Barbara Bush famously stormed out of the theatre during Silence of the Lambs. "I didn't come to a movie to see people's skin being taken off," she remarked. Fair enough, but I remember thinking Poor woman is so out-of-touch that she doesn't see how freakin' COOL this movie is.
What goes around hath come around.
18 Best Pictures later, I find that I, too, have walked out on the winner. Not that The Hurt Locker offended or surprised me. It was more or less exactly what I expected, only boring. Around the fifth "tense" bomb-defusing scene, I found my mind wandering. When my mind drifted back, it was not kind to Hurt Locker. Jesus fucking christ, this is monotonous. Haven't I already seen this scene three or five times? I realized that I didn't care if the characters blew up. I realized that I didn't know the characters' names. I thought of them in terms of their archetype. That's the Guy Who Might Snap. That's the Trailer Trash. That's the Noble Black Man. That's the Guy On His Last Tour of Duty. I wonder what Dex is doing in her crate right now? Fuck this. I'm bored.
So I left with 20 minutes or so to go.
As much as I'd like to chalk this up to my barbarabushification, I suspect something far less amusing is at work. That Kathryn Bigelow's film would win, and she for Best Director, was a fait accompli ages ago. What a story! The first female director to win those honors! Against her ex-husband, even!
And indeed it is a great story. I just wish it seemed more earned and less ordained by people who very much like to congratulate themselves for setting the trends of proper thought. (Now that's getting the most possible mileage out of their high school diplomas.) Indeed, the collective praise for the film seemingly amounts to little more than "It was directed by a woman."
But maybe, I thought, Maybe I'm just reading too much into this.

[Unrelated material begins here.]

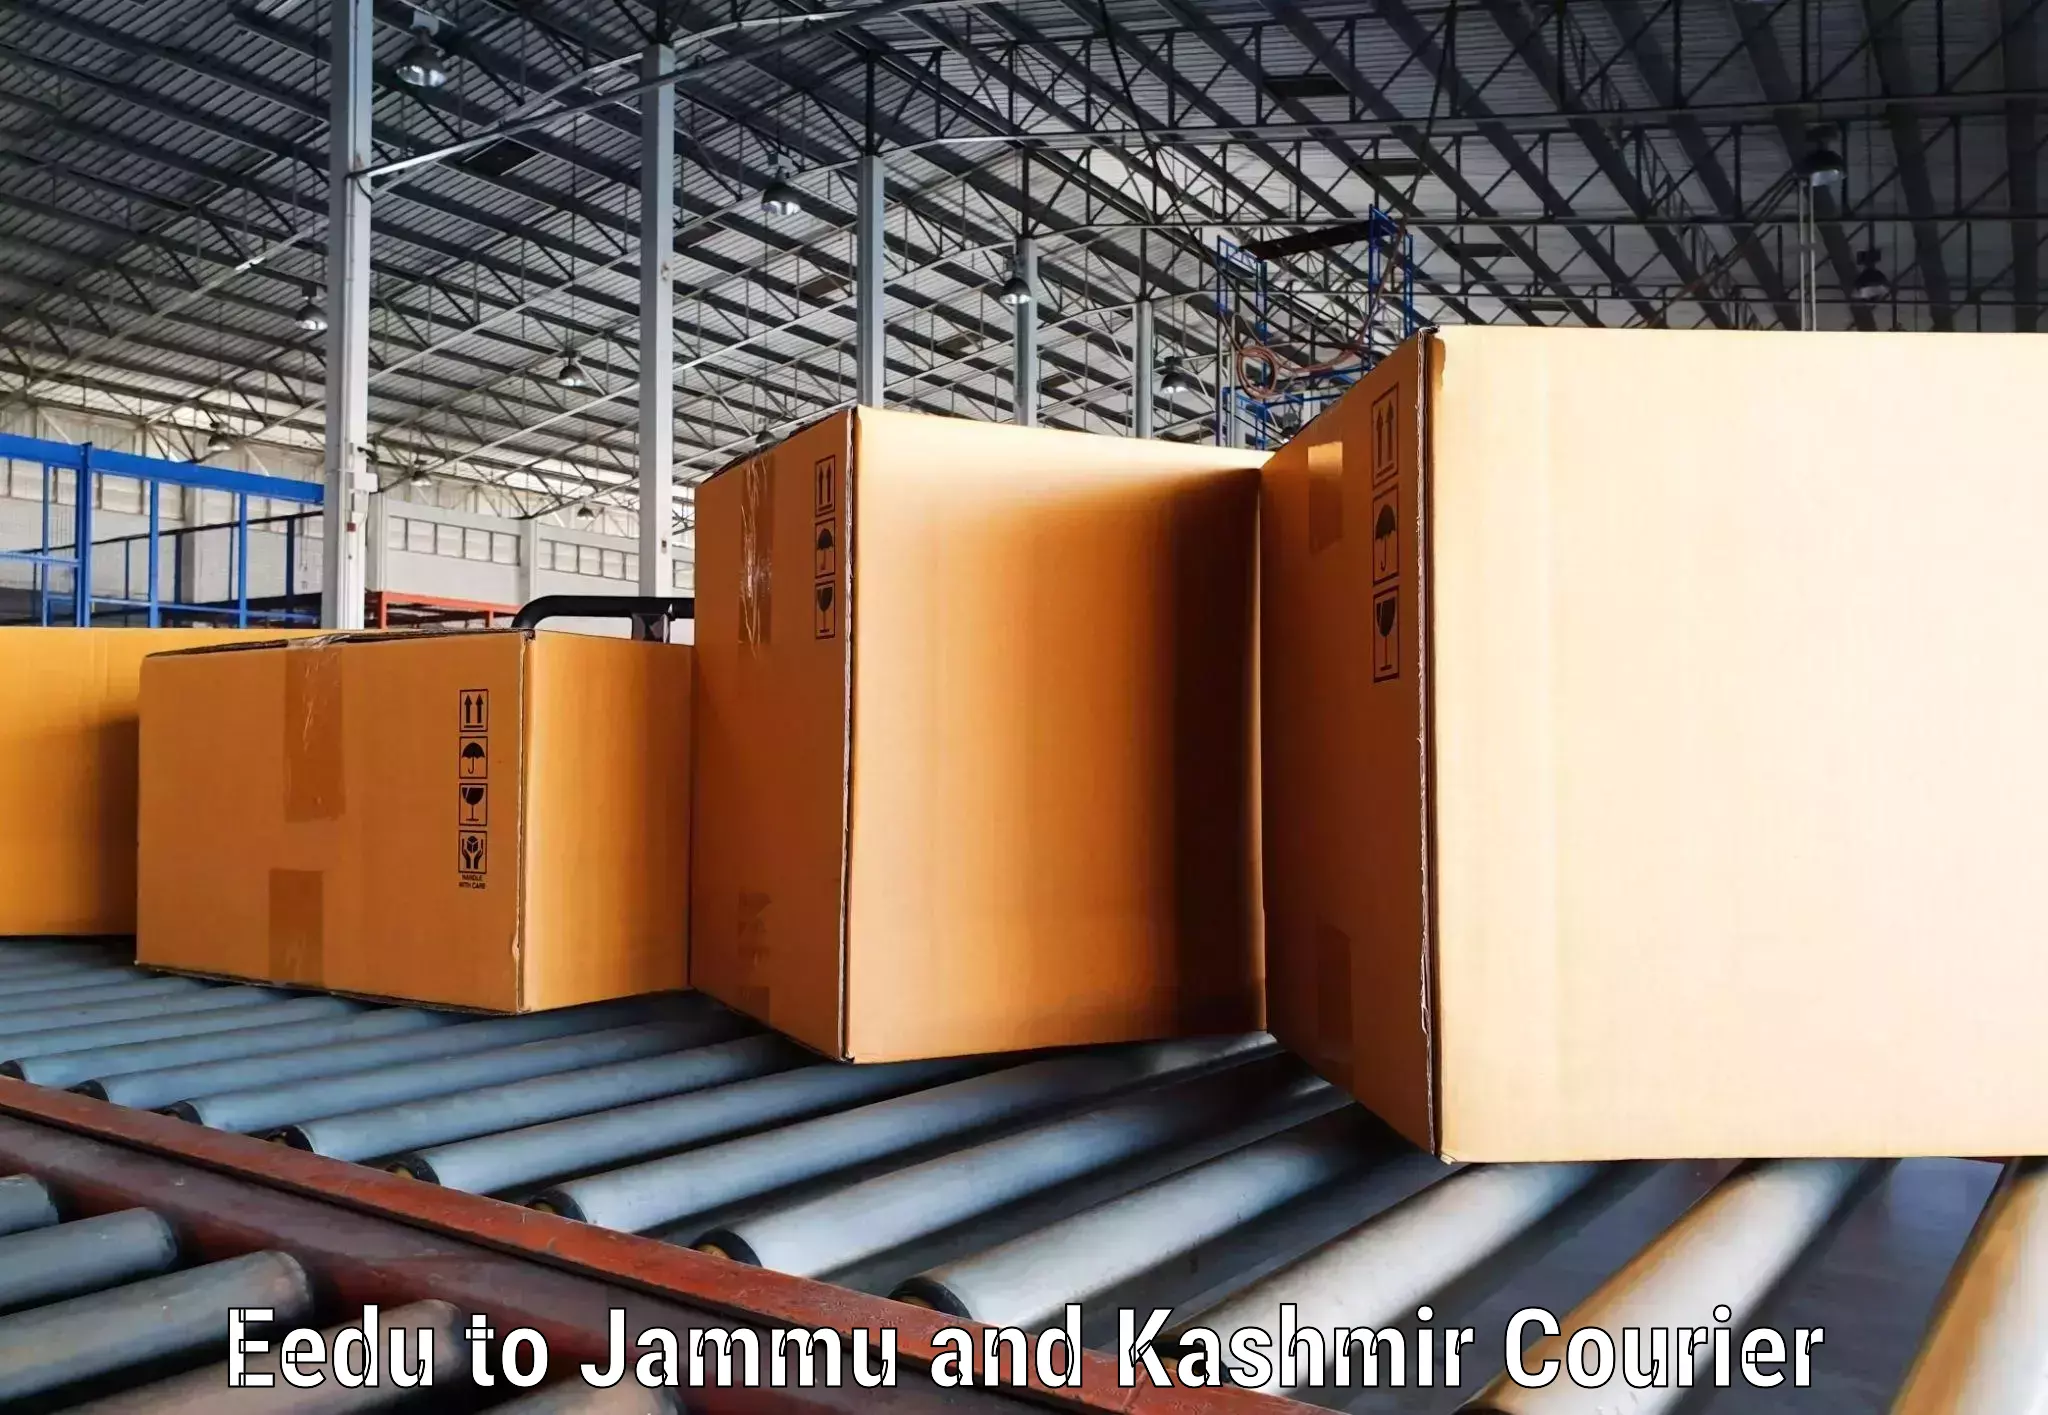 Smart logistics strategies Eedu to Jammu
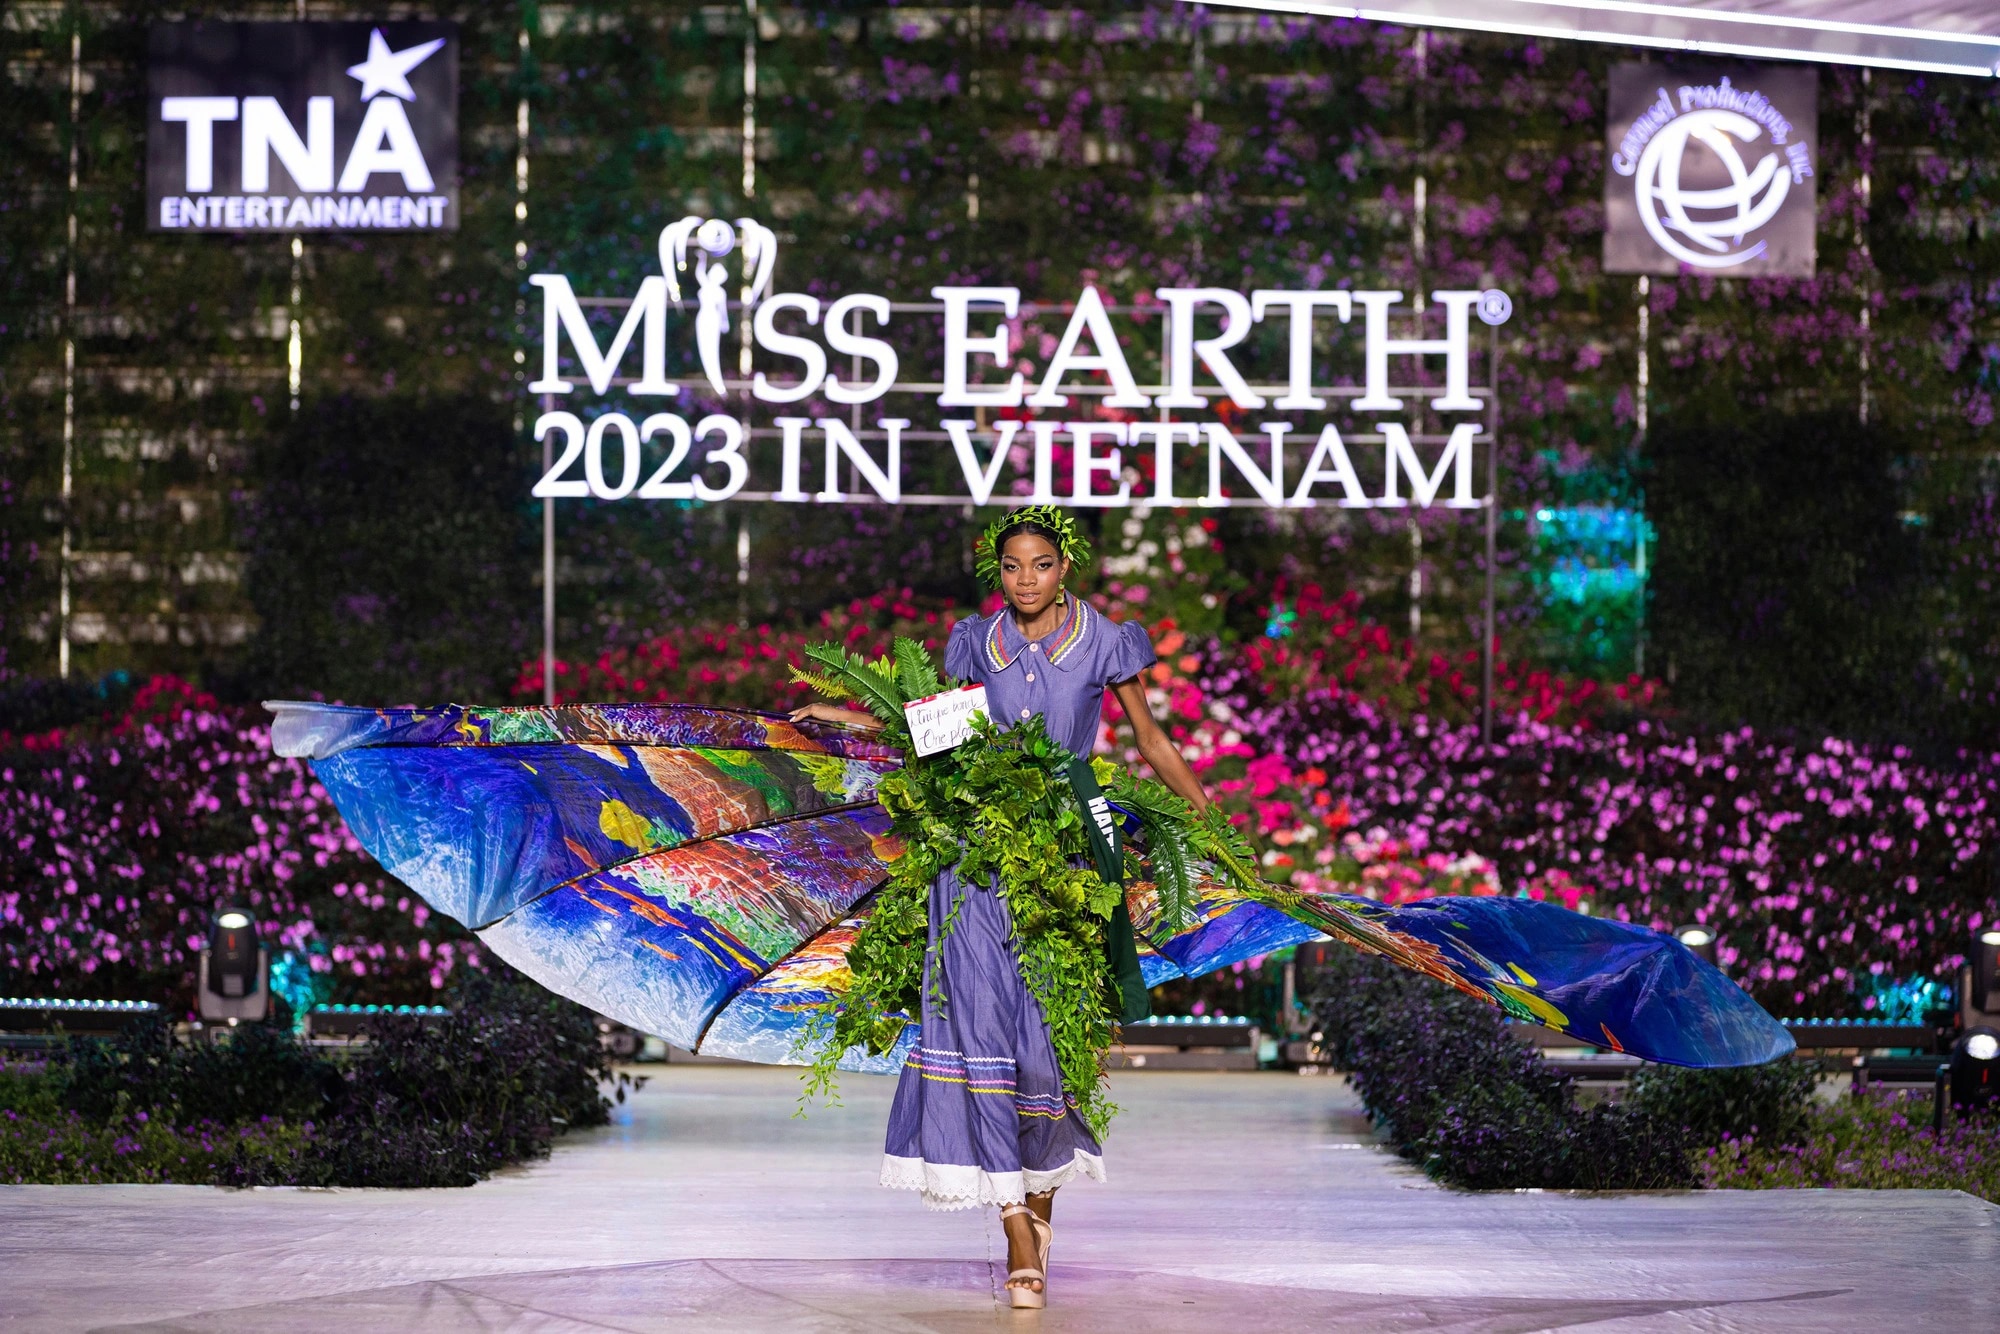 Bán kết Miss Earth 2023 màn trình Trang phục Dân tộc bùng nổ hình ảnh cỏ hoa, muông thú - Ảnh 27.

And then it came time for the Best Director award. Expecting to see last year's winner, Danny Boyle, be the presenter as custom dictates, I moaned when the most self-congratulatory windbag of them all trotted out instead. Tonight, Barbara Steisand was delighted to tell us, the first woman director might win. (Pause so you can applaud) Or the first black director, which would be delightful too. (Pause so you can applaud) And when she opened the fateful envelope, she didn't merely announce the name. "Well, The Time Is Now," she intoned in bold title caps, thereby ensuring her own place in history as this moment is reshown. And then she announced what we already knew with certainty to such a degree, Steisand and not Boyle was presenting. Barbara Steisand, the Rosa Parks of female directors, slighted for Yentl because of her vagina and not because it sucked bilgewater.
Yentl, that is.
Enjoy your circle-jerk, Academy. You earned it. Me, I'm going to go watch Lost in Translation, by the vastly more deserving Sophia Coppola.
But one question remains: who'd you pay to take your GED test?